BEGIN SOURCE MATERIAL

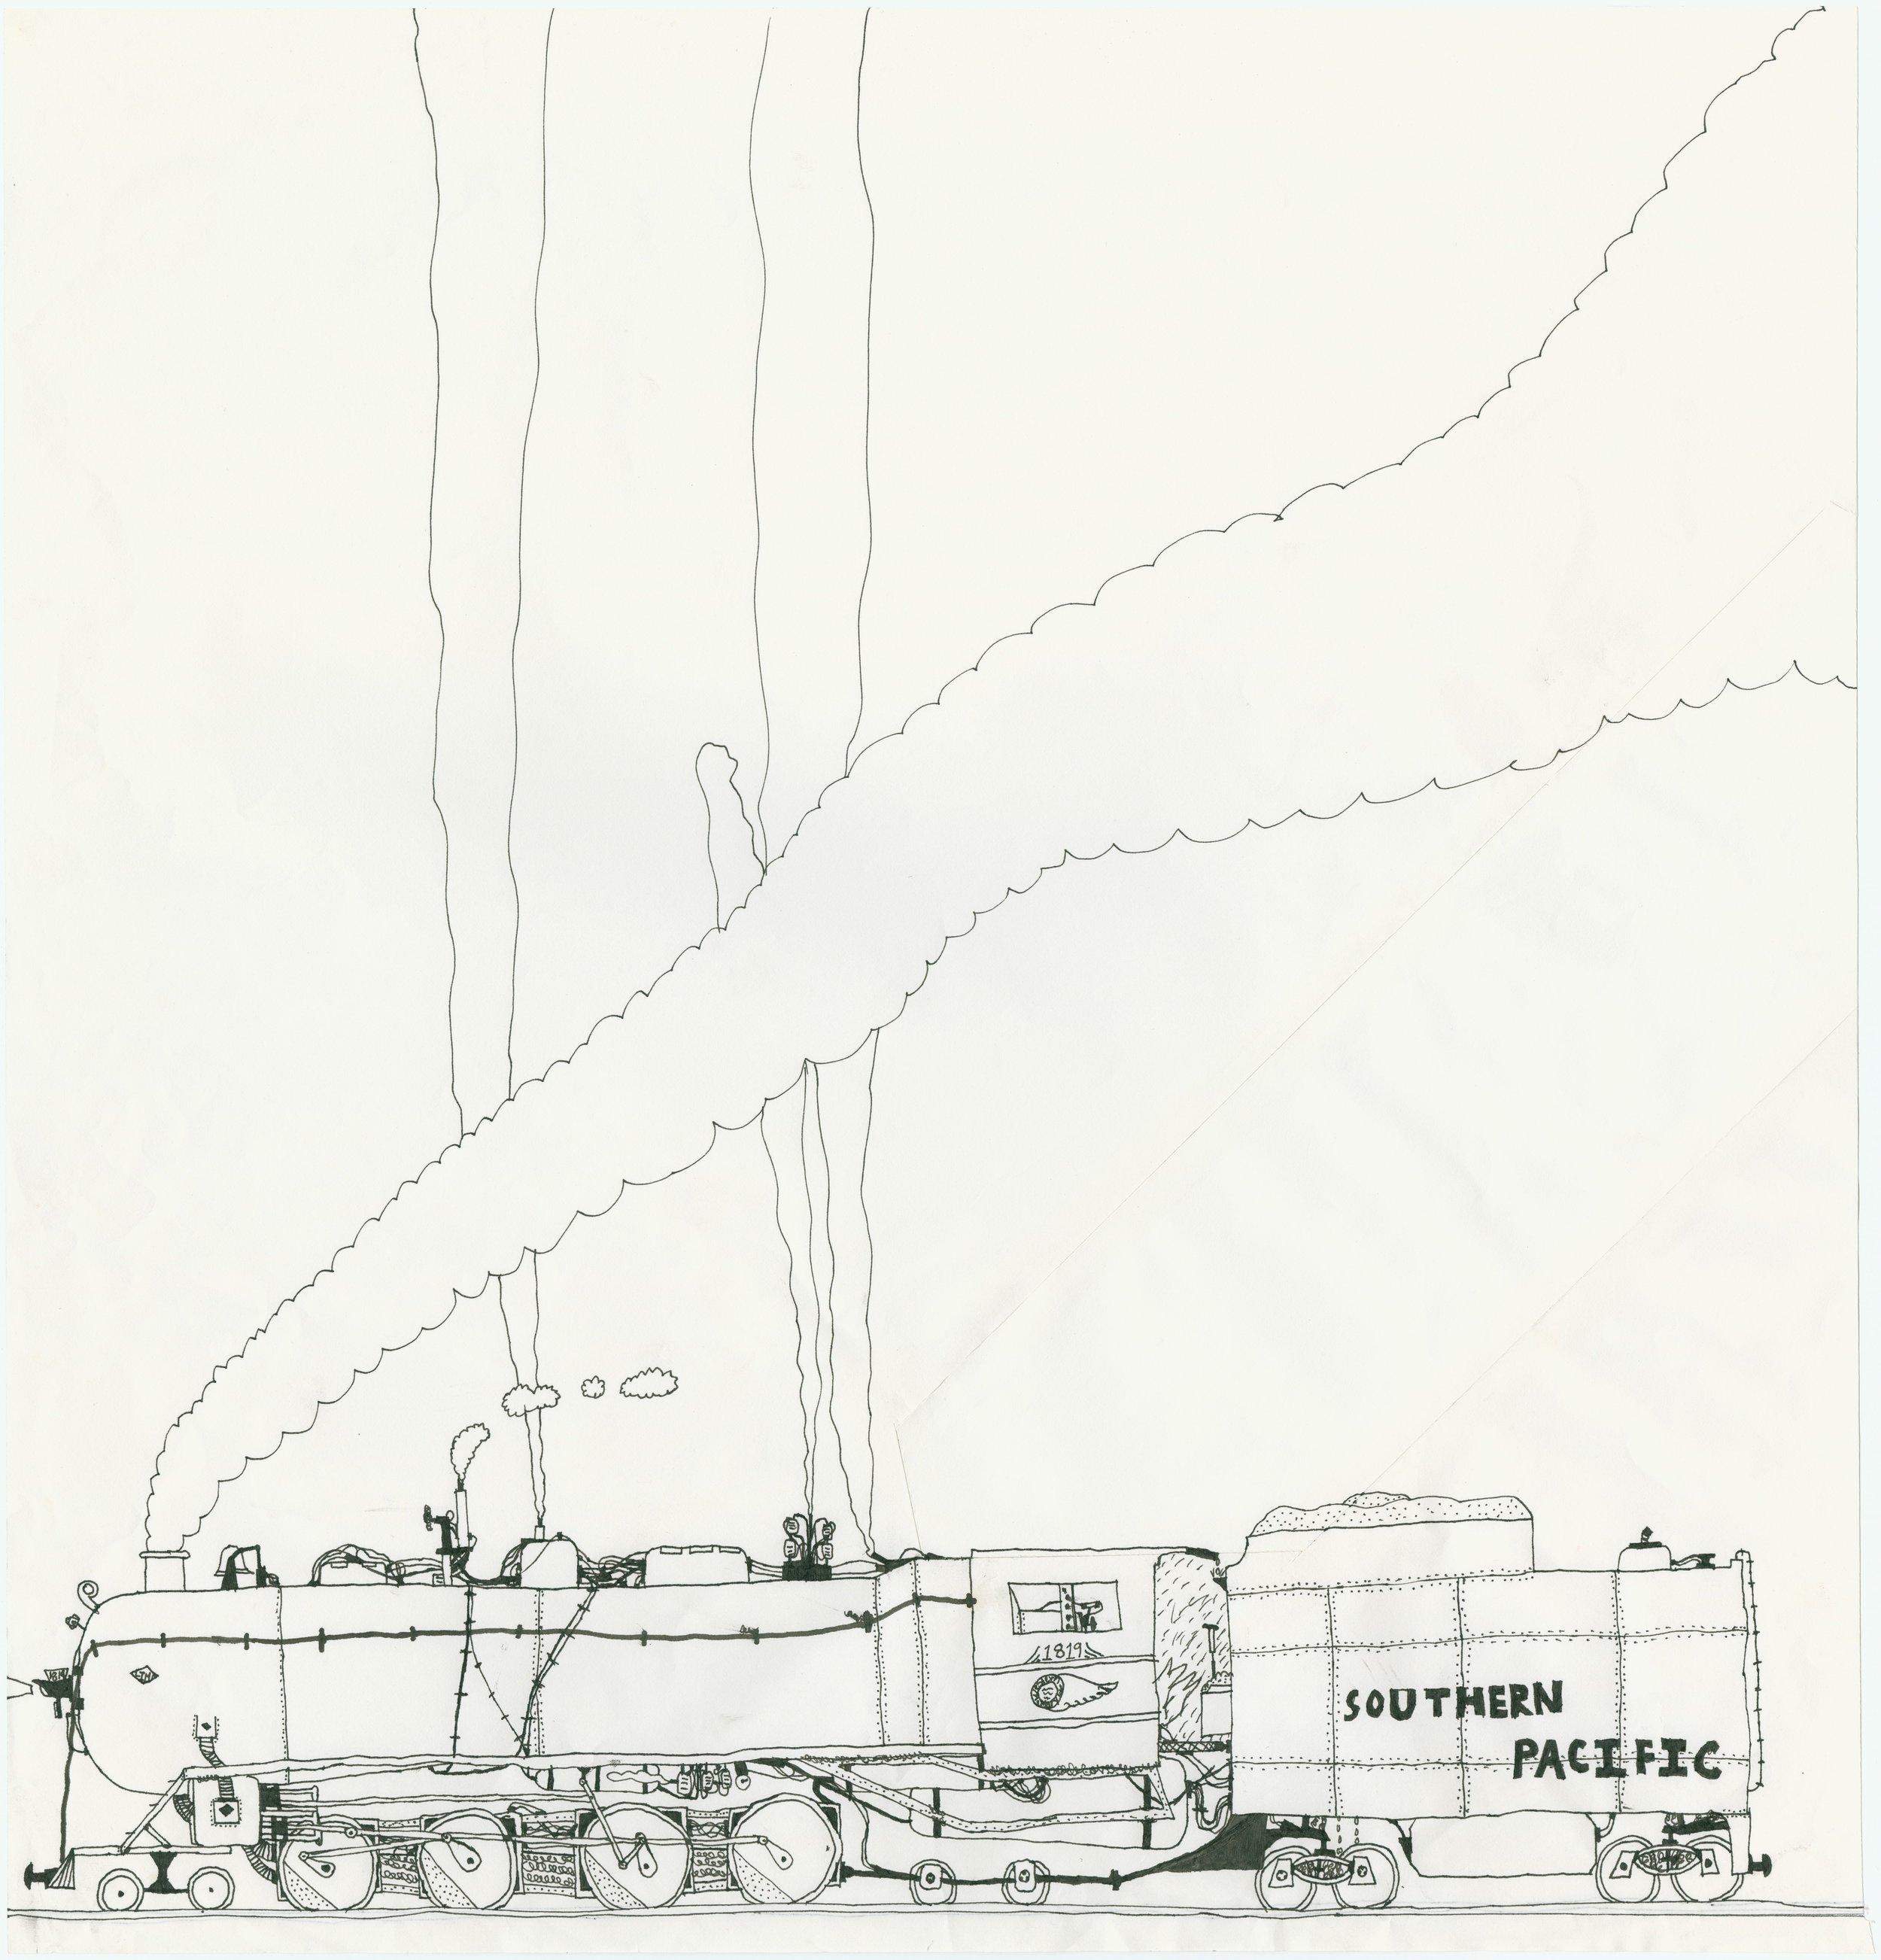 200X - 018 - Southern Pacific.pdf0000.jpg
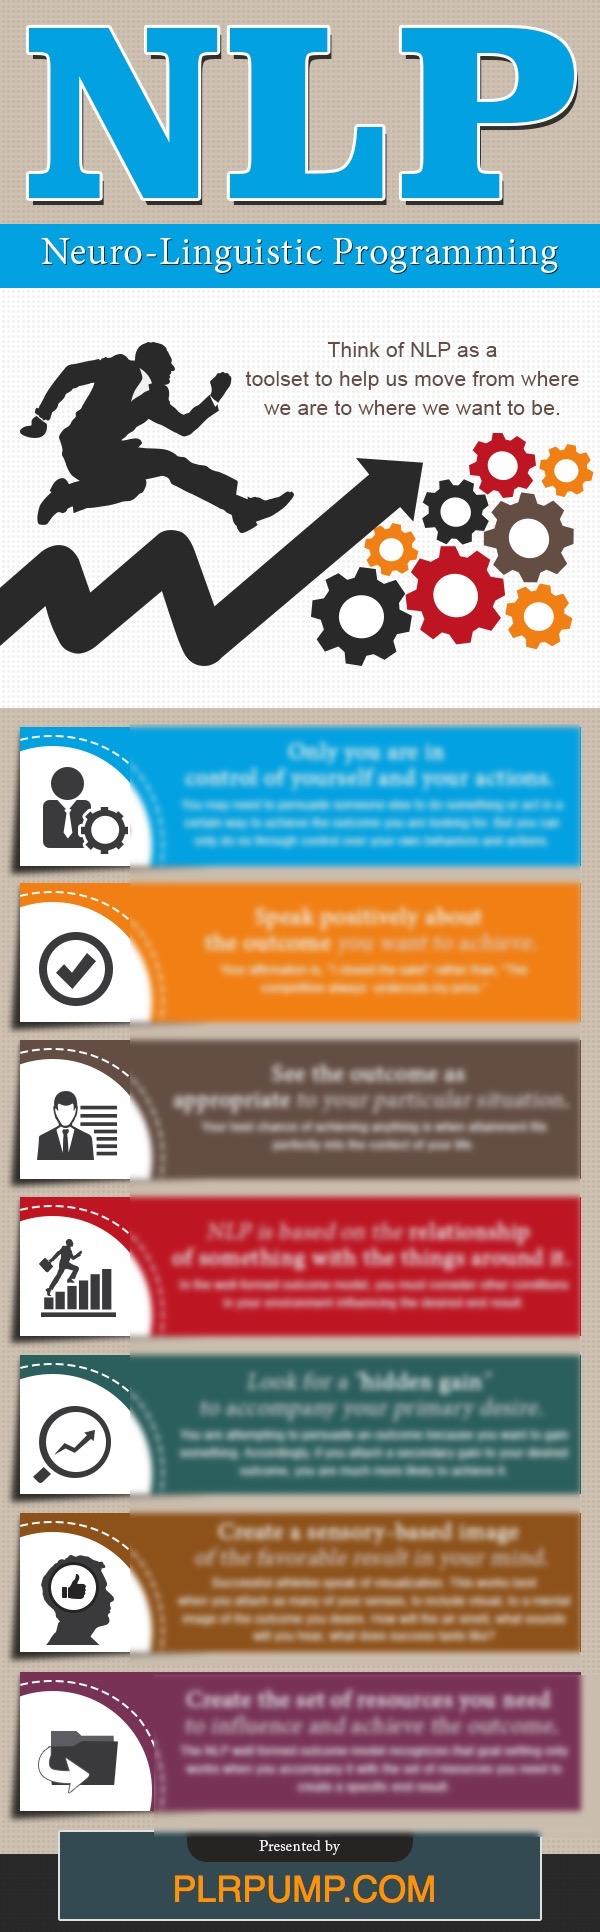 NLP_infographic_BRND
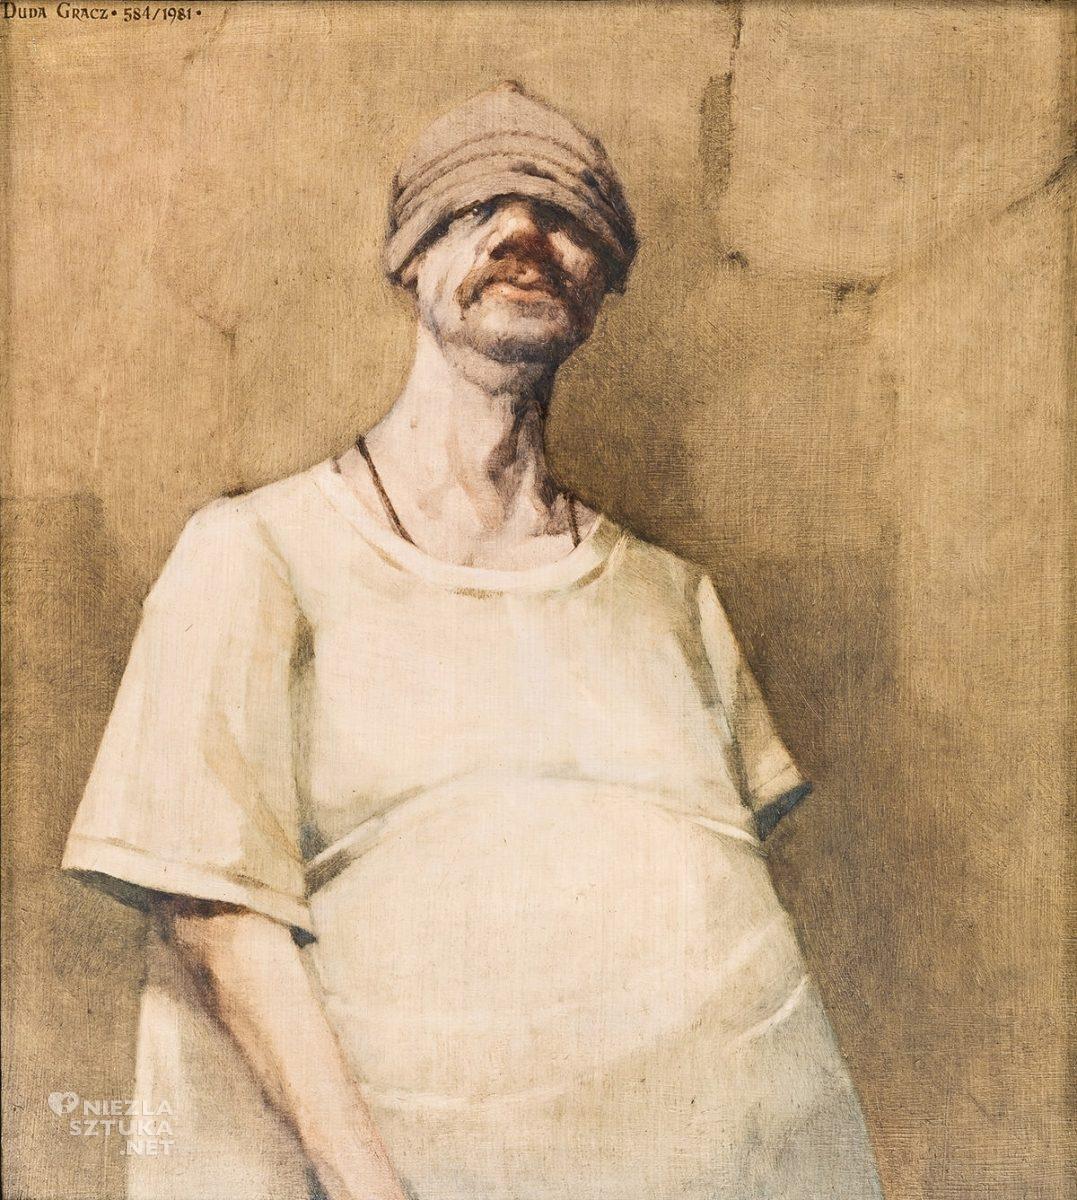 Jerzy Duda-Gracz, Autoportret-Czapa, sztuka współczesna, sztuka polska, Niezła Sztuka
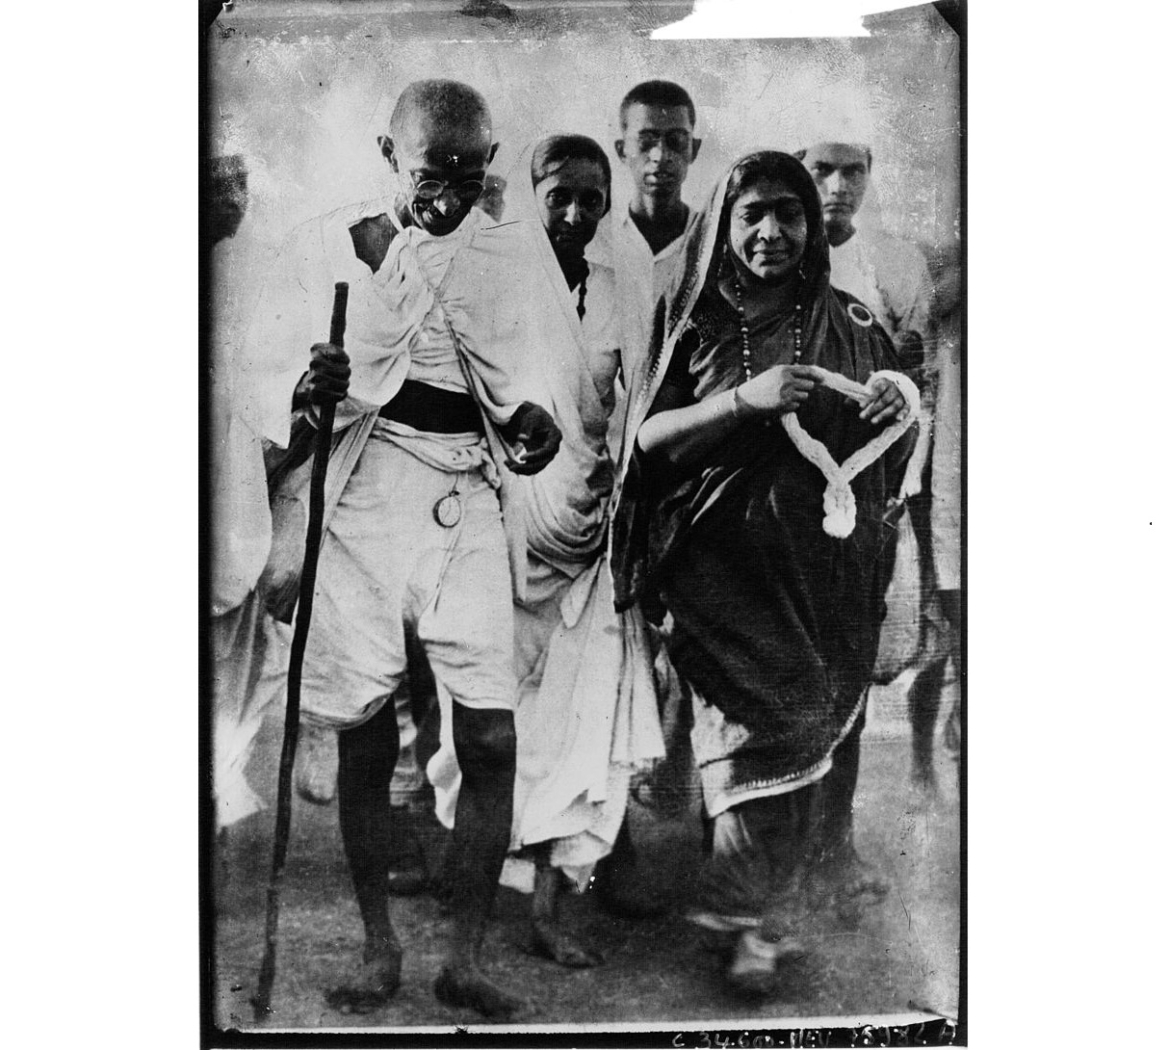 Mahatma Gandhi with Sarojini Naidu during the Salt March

END SOURCE MATERIAL

◆ AIM OF THE EXERCISE:
Retype the listing verbatim, minus every image.

◆ RESPONSE:
 200X - 018 - Southern Pacific.pdf0000.jpg
 NLP_infographic_BRND
 Jerzy Duda-Gracz, Autoportret-Czapa, sztuka współczesna, sztuka polska, Niezła Sztuka
 Mahatma Gandhi with Sarojini Naidu during the Salt March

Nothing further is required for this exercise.